Die Triebwerke moderner Überschallstrahlflugzeuge sowie die Brandwände, Spanten und Kabinenhauben im Rumpf bestehen größtenteils aus Titanlegierungen. Ein einziges riesiges Düsenflugzeug enthält über eine Million Befestigungselemente, wobei die Menge des verwendeten Titans zwischen mehreren Tonnen und sogar Dutzenden Tonnen liegt. Einige Überschall-Langstreckenabfangjäger bestehen zu 95 % aus Titan für ihre Strukturkomponenten, was ihnen den Spitznamen „Titanflugzeuge“ eingebracht hat. Diese „Titanflugzeuge“ sind sowohl robust als auch leicht; Ein großes Passagierflugzeug aus Titan kann über 100 Passagiere mehr befördern als ein herkömmliches Flugzeug mit dem gleichen Gewicht und Geschwindigkeiten von über 3.000 Kilometern pro Stunde erreichen, während Flugzeuge aus Aluminiumlegierung eine Höchstgeschwindigkeit von nur 2.400 Kilometern pro Stunde erreichen können.

2. Der „Meermückendrache“ taucht tief in den Ozean: Die Korrosionsbeständigkeit von Titan übertrifft die von Edelstahl bei weitem. Bei Raumtemperatur kann Titan beim Eintauchen in verschiedene starke Säure- und Alkalilösungen unversehrt bleiben. Selbst die stärkste Säure -Königswasser-kann ihm nichts anhaben. Besonders bemerkenswert ist die Beständigkeit von Titan gegenüber Meerwasser, die mit der des berühmten Platins mithalten kann: Jemand hat einmal eine Titanplatte auf den Meeresboden versenkt; Als es fünf Jahre später geborgen wurde, war es mit kleinen Meerestieren und Algen bedeckt, zeigte jedoch keine Spur von Rost und glänzte immer noch so.

Da Titan korrosionsbeständig ist, wird es häufig in der chemischen Industrie eingesetzt. In der Vergangenheit bestanden Komponenten in chemischen Reaktoren, die heiße Salpetersäure enthielten, aus Edelstahl.
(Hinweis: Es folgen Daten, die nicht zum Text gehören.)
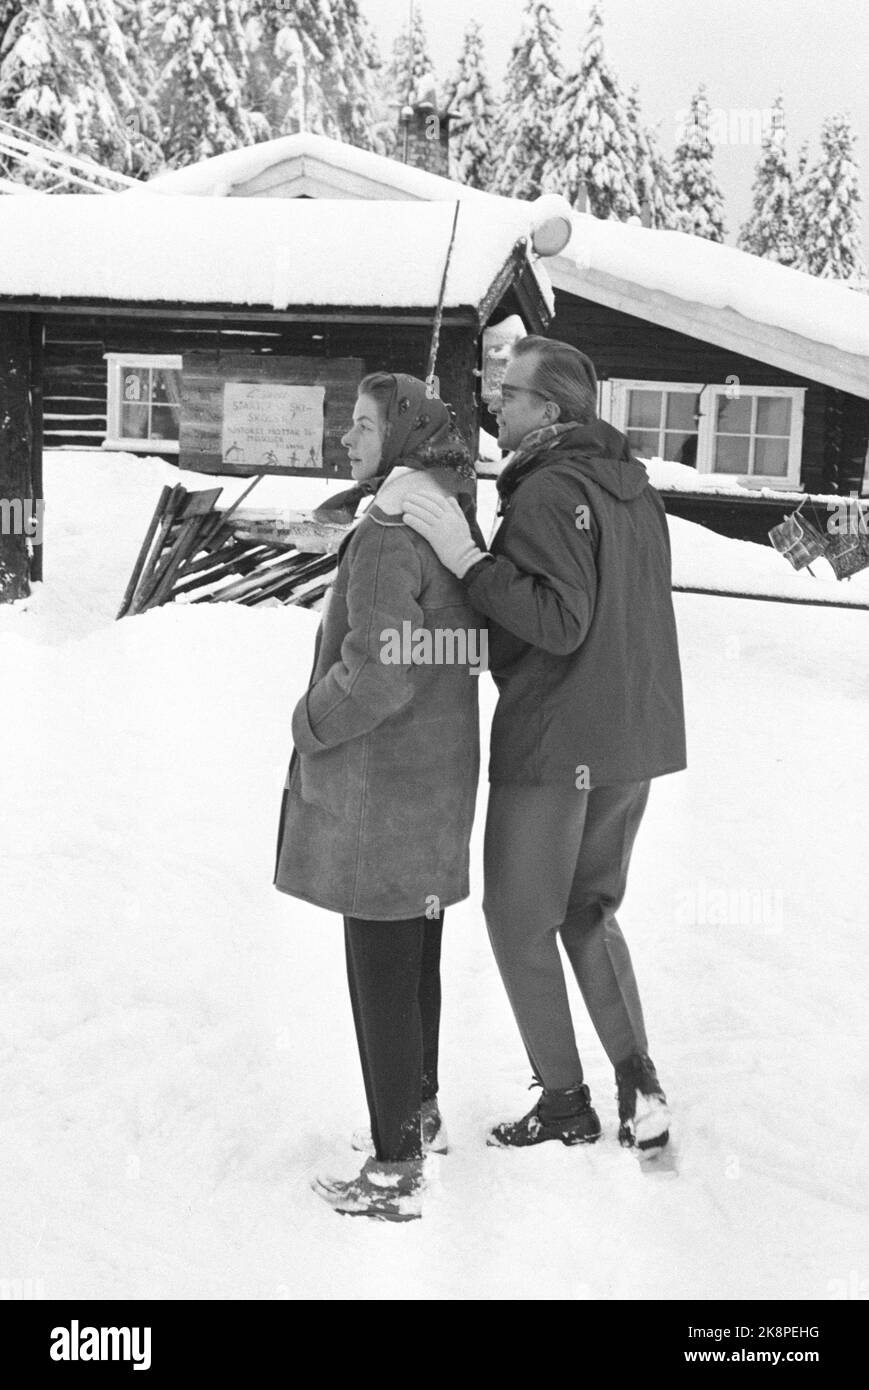 Oslo 19600109. L'acteur Ingrid Bergman avec son mari Lars Schmidt et les enfants Ingrid, Isabella et Robertino qu'elle a avec Roberto Rosselini est venu en vacances dans le bon hiver norvégien à Holmenkollen. Bergman n'a pas aimé les médias donc elle est restée la plupart du temps à l'intérieur. C'était sa première visite en Norvège depuis le procès des célébrités contre Roberto Rosselini. Dans un bref instant, Ingrid Bergman a été convaincue par son mari Lars Schmidt et était prête à poser pour les photographes. Photo: Storløkken / NTB Banque D'Images

Allerdings ist selbst Edelstahl anfällig für dieses stark ätzende Mittel -heiße Salpetersäure- und diese Komponenten mussten alle sechs Monate komplett ausgetauscht werden. Während die Komponenten selbst nicht teuer waren, überstiegen die mit jedem Austausch verbundenen Kosten und die durch Ausfallzeiten verursachten Verluste den Preis der Teile um ein Vielfaches. Obwohl Titan etwas teurer ist als Edelstahl, kann es fünf Jahre lang ununterbrochen betrieben werden, was es auf lange Sicht weitaus kostengünstiger macht.

3. „Biokompatibilität“ bringt Harmonie: Titan hat einzigartige Anwendungen in der Medizin. Der Elastizitätsmodul von Titanlegierungen ähnelt dem des menschlichen Knochens und ist daher sehr gut mit dem menschlichen Körper kompatibel. Die Verwendung von Titanplatten und -schrauben zur Behandlung von Frakturen führt zu unerwarteten Ergebnissen. Wenn der gebrochene Knochen mit Titanplatten und Schrauben gesichert wird, wächst der Knochen nach einigen Monaten auf die Platten und in das Gewinde der Schrauben hinein und neues Muskelgewebe umhüllt die Platten. Dieser „Titanknochen“ funktioniert genauso wie echter Knochen. Darüber hinaus sind Zahnplatten und Zähne aus Titanlegierungen in der klinischen Praxis weit verbreitet, und künstliche Herzen, Klappen und Gelenke aus Titanlegierungen haben in der klinischen Anwendung hervorragende Ergebnisse erzielt.

4. „Formgedächtnislegierungen“ besitzen Intelligenz Titan kann auch mit Nickel kombiniert werden, um „Formgedächtnislegierungen“ mit Gedächtniseigenschaften zu erzeugen. Autokarosserien aus dieser Speziallegierung können durch einfaches Abspülen mit über 80 Grad heißem Wasser nach einer Verformung bei einem Aufprall wieder in ihre ursprüngliche Form gebracht werden.